### [ABOUT THIS EXERCISE]
Would you return the data below exactly as it stands, with every picture left out?

### [DATA PROVIDED]
-=-=-

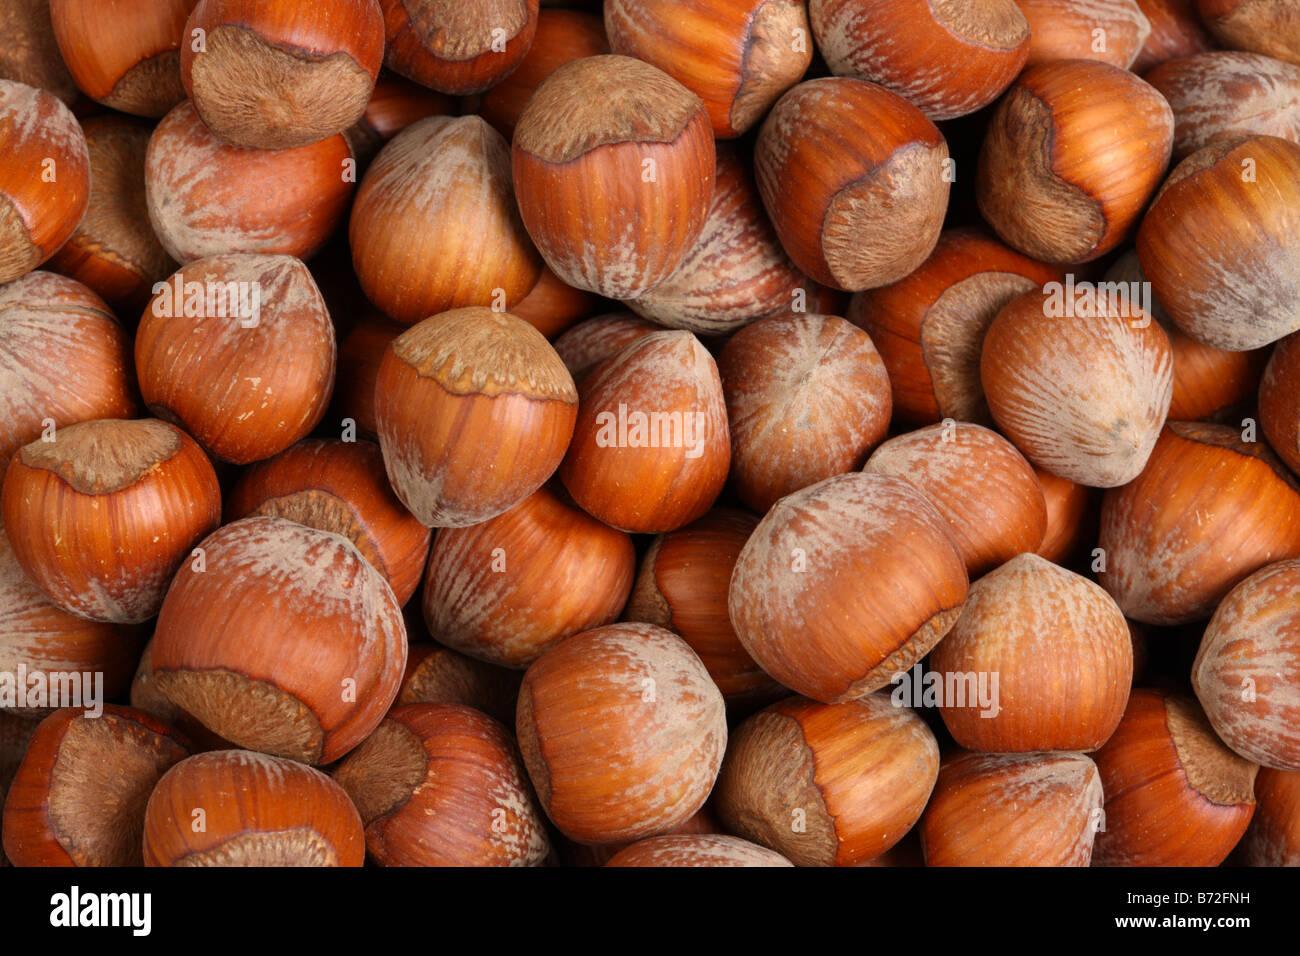 Background texture of hazelnuts - Stock Image
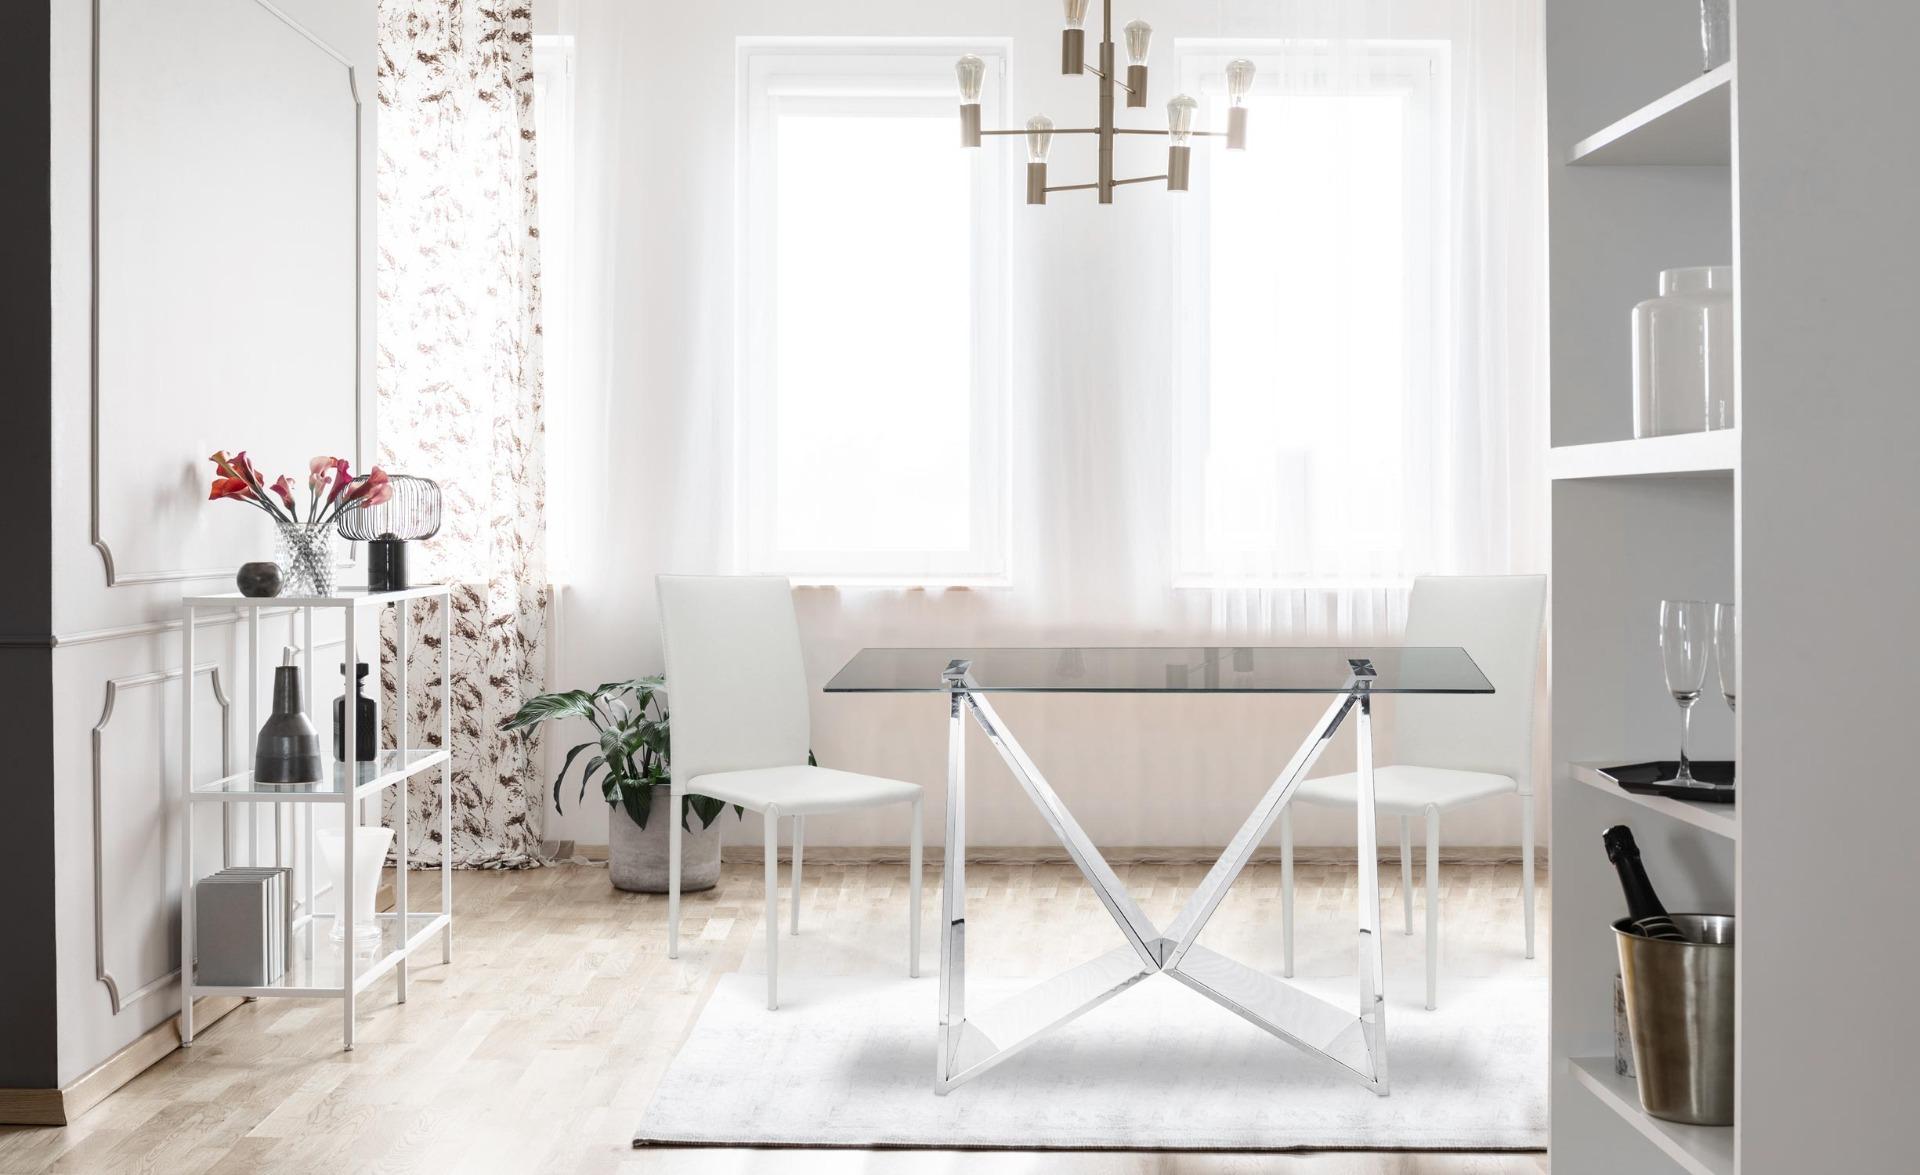 Set di 6 sedie impilabili Modan in similpelle (PU) bianche
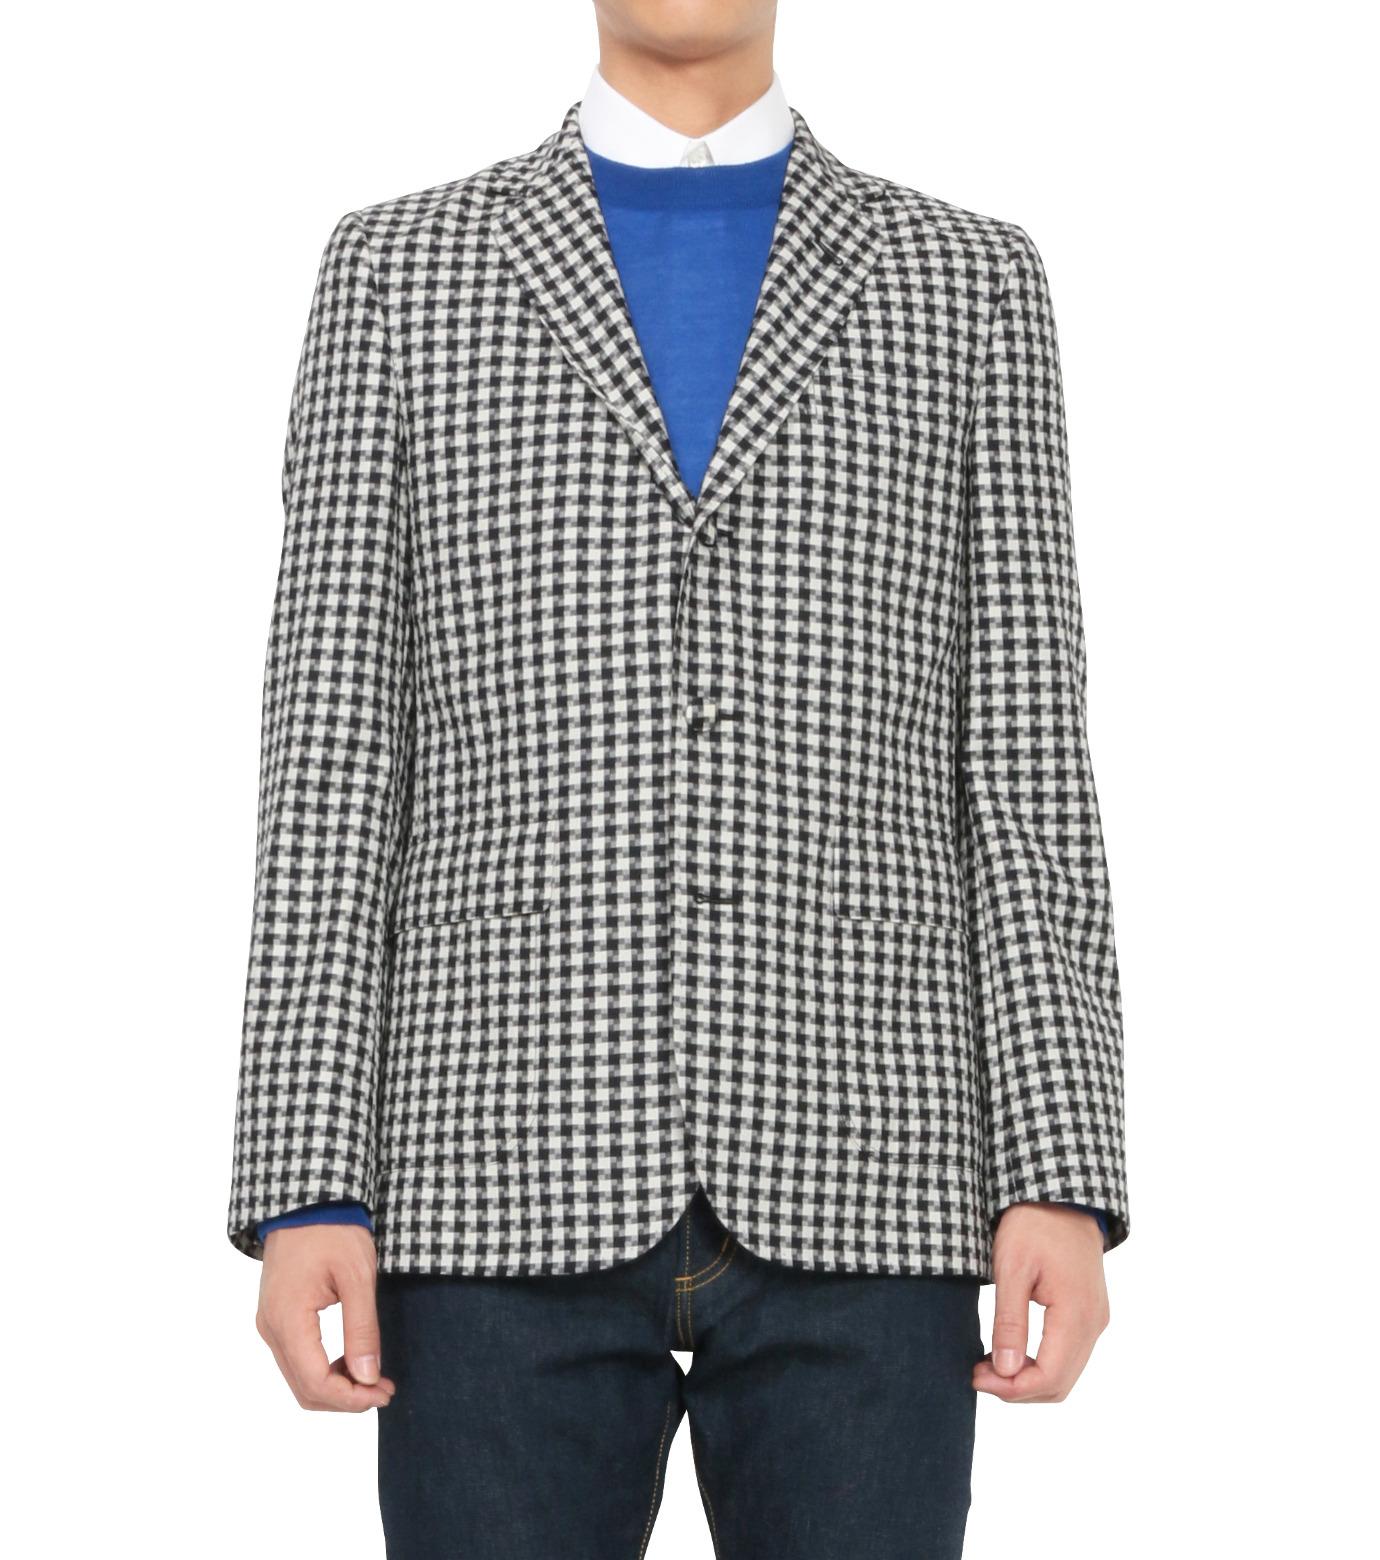 MAISON KITSUNÉ(メゾンキツネ)のSheepherds Check Jacket-BLACK(ジャケット/jacket)-KMV0503-13 拡大詳細画像1
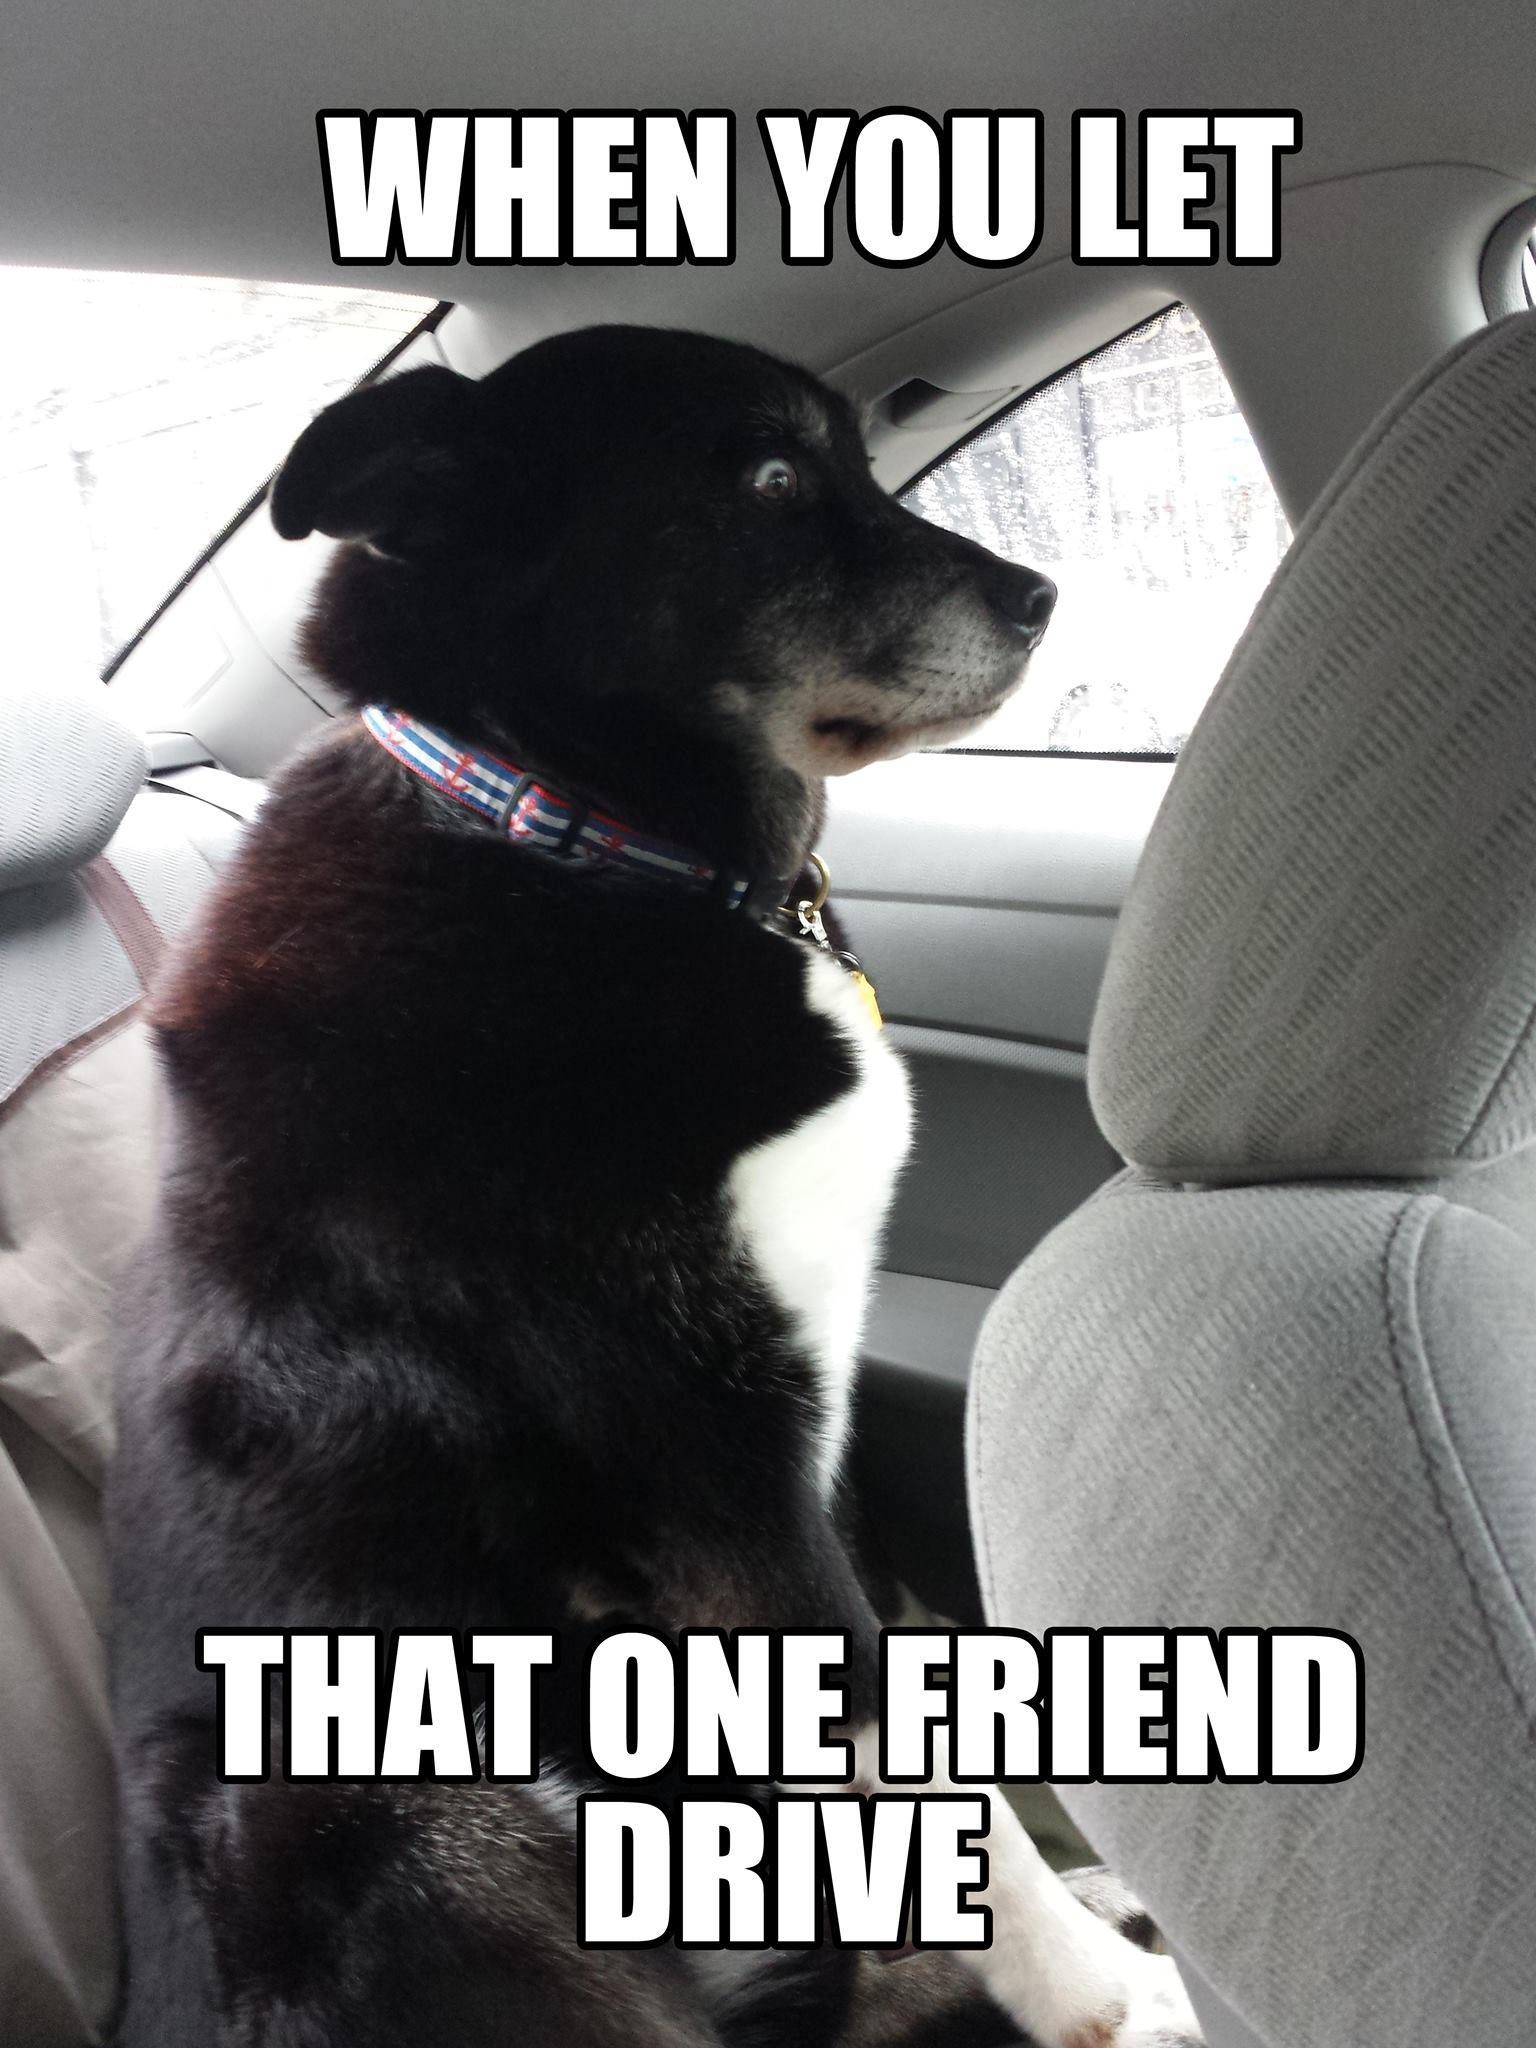 #Tag That #Friend D

-=-=-

### [TASK RESPONSE]
 Background texture of hazelnuts - Stock Image
 Set di 6 sedie impilabili Modan in similpelle (PU) bianche
 MAISON KITSUNÉ(メゾンキツネ)のSheepherds Check Jacket-BLACK(ジャケット/jacket)-KMV0503-13 拡大詳細画像1
 #Tag That #Friend D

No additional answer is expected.